David supplia Dieu de faire une œuvre de purification totale en vertu du sacrifice expiatoire d'un substitut. L'hysope est une claire référence au Sanctuaire et servait à appliquer le sang de l'agneau pascal (Exode 12.22) et à asperger l'eau purificatrice du sacrificateur (Nombres 19.18). Pas un instant David n'a pensé pouvoir se purifier lui-même. Ainsi, il entame le chemin de la pureté (dont Dieu nous appelle à être un exemple en 1 Timothée 4.12) avec le plus grand trésor qu'un être humain puisse posséder : un cœur renouvelé (sur lequel se fondent le bonheur et la sainteté, selon Matthieu 5.8 et Psaume 51.8 et 12). La prière de David devrait être la nôtre : «Ô Dieu ! crée en moi un cœur pur» (Psaume 51.10).

3-Péché confessé, mission en marche (versets 13 à 19)

Les transformations de Dieu sont étonnantes. L'amère expérience d'une défaite spirituelle catégorique pouvait désormais être transformée en occasion de témoignage. David était heureux d'enseigner aux autres à travers son vécu afin que les pécheurs reviennent sur le bon chemin. Celui qui avait exercé une foi solide pour vaincre Goliath et une maîtrise de soi étonnante pour se contenter de couper le pan du manteau de Saül, avait maintenant échoué en tant qu'homme, mari, père et chef. Mais Dieu lui accorda une autre chance.

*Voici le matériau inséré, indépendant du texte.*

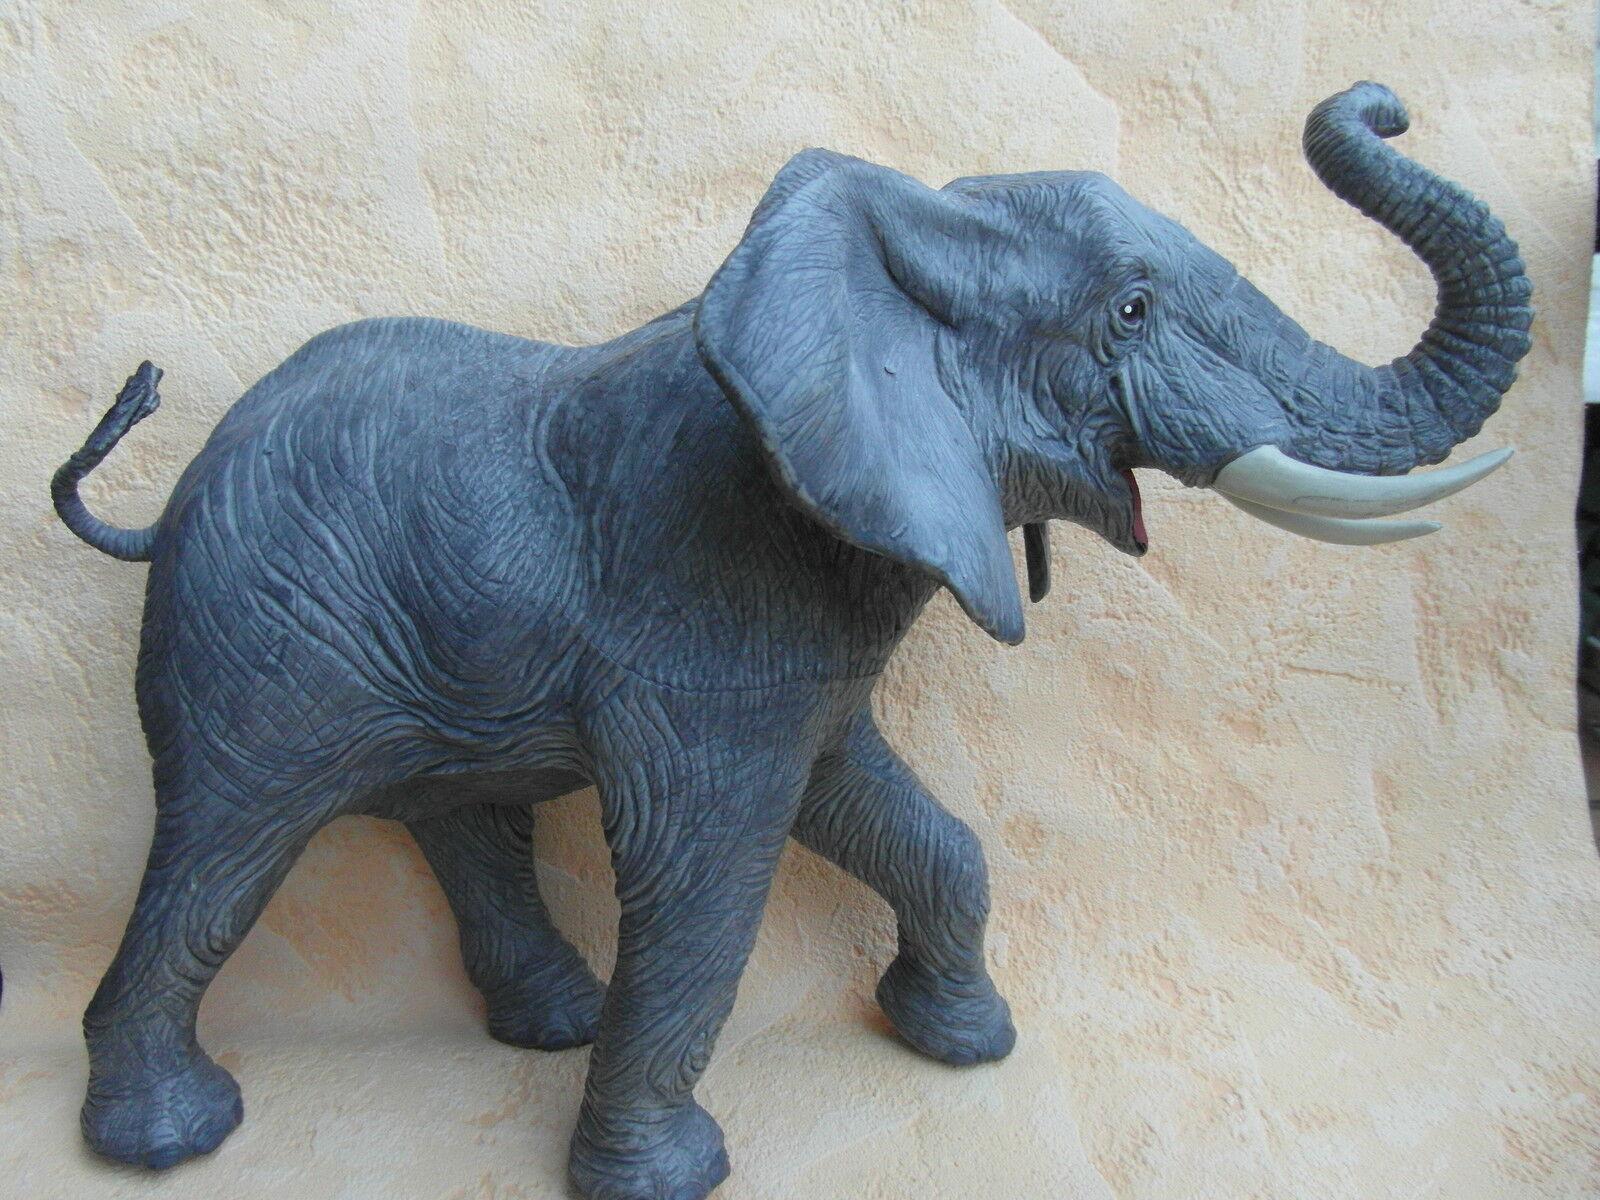 salida de fábrica Schleich Vanishing Vanishing Vanishing Wild elefante madre 9090-03 sobre 1300g difícil recibir Top  aquí tiene la última

Pourquoi ? Parce que, quand Jésus nous regarde, il exerce une sorte de «dysmorphie», mais positive, car il ne nous voit pas comme nous sommes, mais comme nous pouvons devenir. Sans crainte, nous pouvons humilier notre âme en demandant pardon pour ensuite relever la tête et raconter les grandes choses que Dieu a faites pour nous.